Но как невежлив консул! Он сидит на веранде и читает газету. Заметив наконец адвоката, он слегка приподымает шляпу и кланяется и затем снова погружается в чтение.
— Да, — говорит адвокат. — Я нахожу, что дома очень хорошо. Если б даже у меня не было лучшей родины...
— Не хотите ли войти? — обратилась к нему госпожа Ионсен.
— Нет, благодарю вас. Теперь уже поздновато. Я немного прогулялся перед сном и могу вам передать поклон, фрёкен Фиа, от любимого вами местечка, откуда открывается вид.
— А хорошо там было сегодня?
— Великолепно. Чудный закат солнца и особенно красивые облака! Я конечно не могу так хорошо судить об этом, как, например, художники, но на мой взгляд это было зрелище изумительной красоты. Не позволите ли вы убедить вас сделать маленькую прогулку туда?
— Теперь? О нет!
— Ну, конечно! Вы больше всего любите ходить туда одна?

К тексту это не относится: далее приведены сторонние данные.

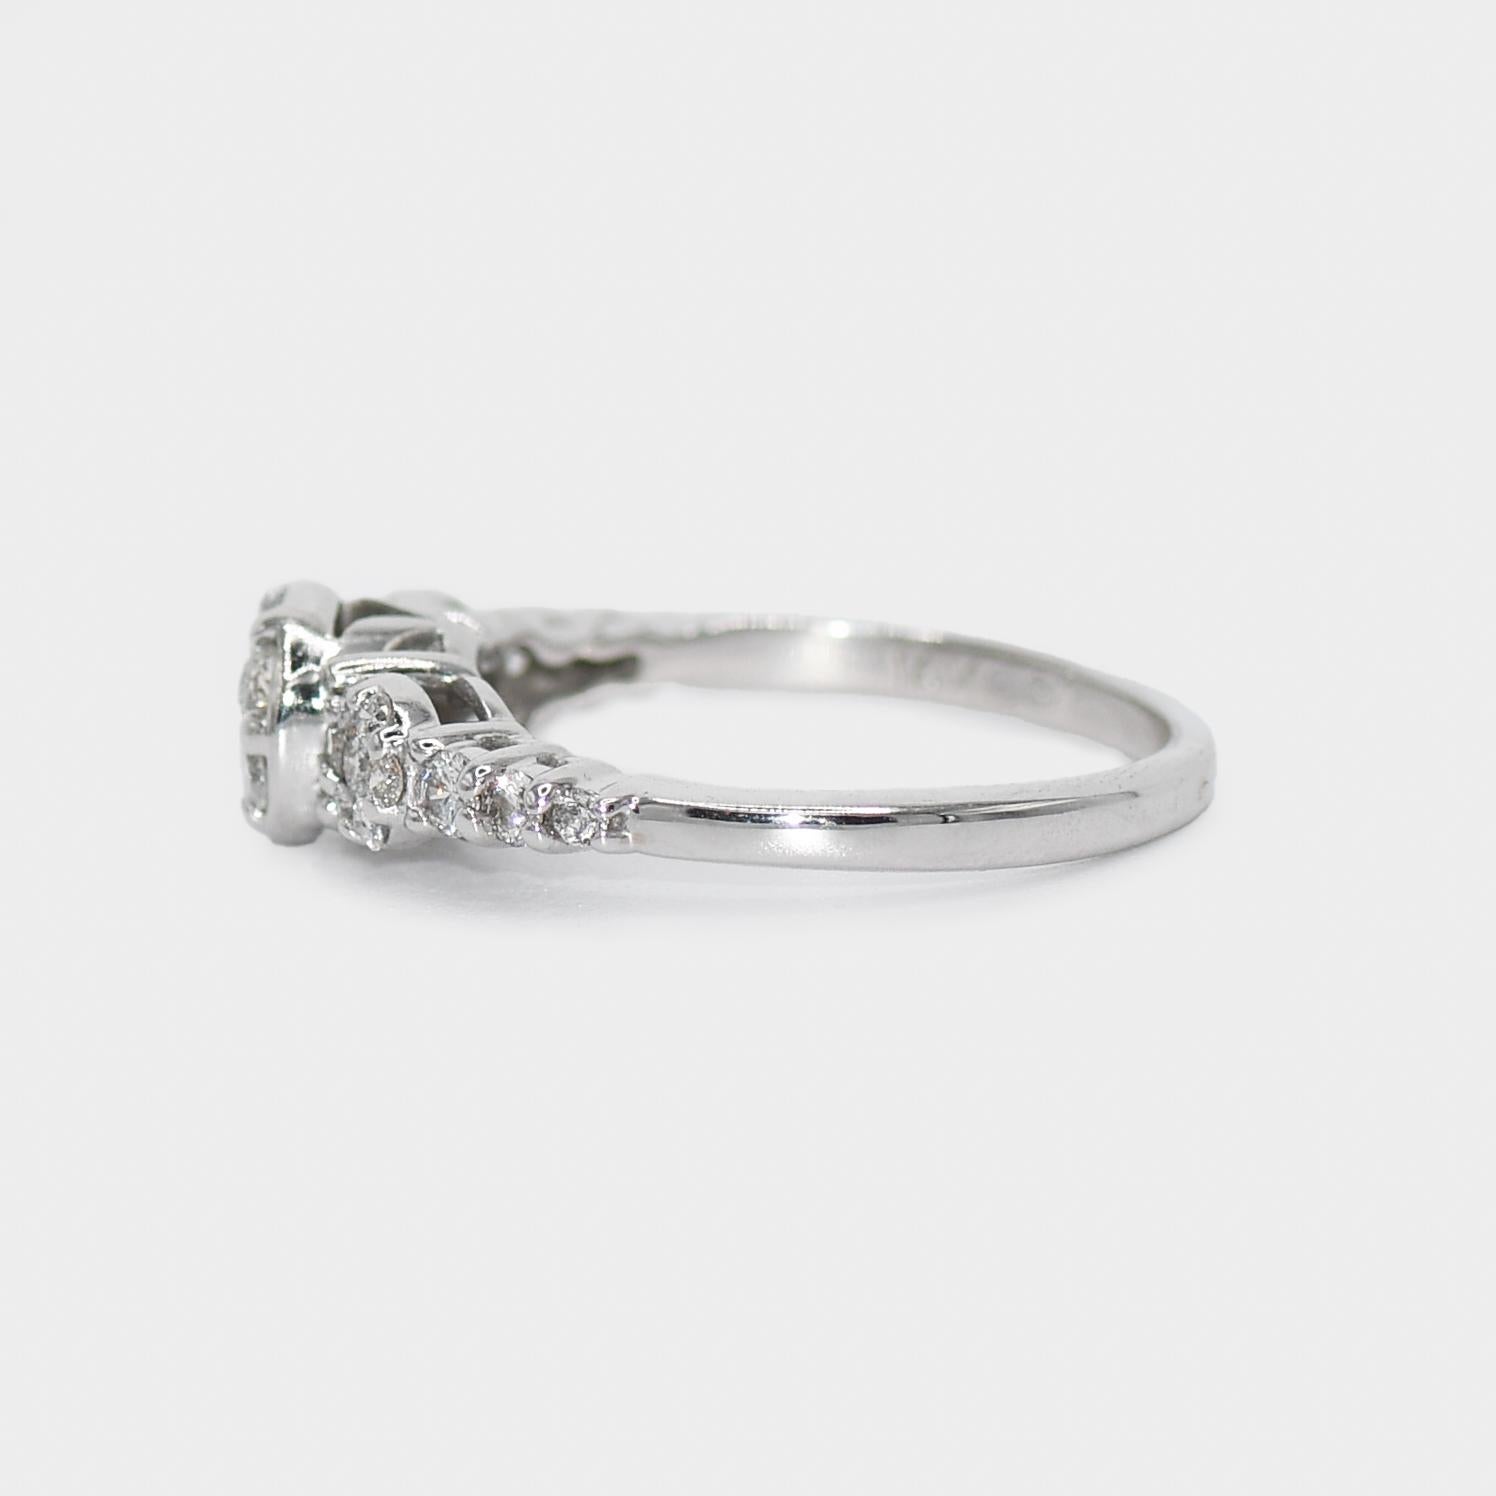 Women's or Men's 14K White Gold Ladies' Diamond Cluster Ring 0.40tdw, 2.6g For Sale

Консул снова закурил сигару, но всё ещё не может оторваться от газеты. Что так заинтересовало его? И что сделалось с его женой? Она стала такая неразговорчивая. В прежнее время она всегда так охотно болтала с адвокатом и как будто даже интересовалась им. Как стали богаты и высокомерны эти люди! Только зачем они показывают это? Например, эта девушка! Она уже достаточно взрослая и притом она так необыкновенно красива, но держит себя так неприступно и так упорно не хочет сделать ни одного шага навстречу, только потому, что она чрезвычайно богата и представляет хорошую партию! Между тем, адвокат Фредериксен мог бы быть во многих отношениях полезен её семье. Ведь он не был теперь первый встречный, он был депутат, стал значительным человеком и у него есть шансы приобрести ещё большее значение! Это решат новые выборы. Зачем же он стоит у решётки сада и оттуда добивается её внимания? Это совсем не соответствует его общественному положению. Но он всё же кой-чему научился в столице и в следующий раз дело пойдёт лучше: он просто заключит её в объятия.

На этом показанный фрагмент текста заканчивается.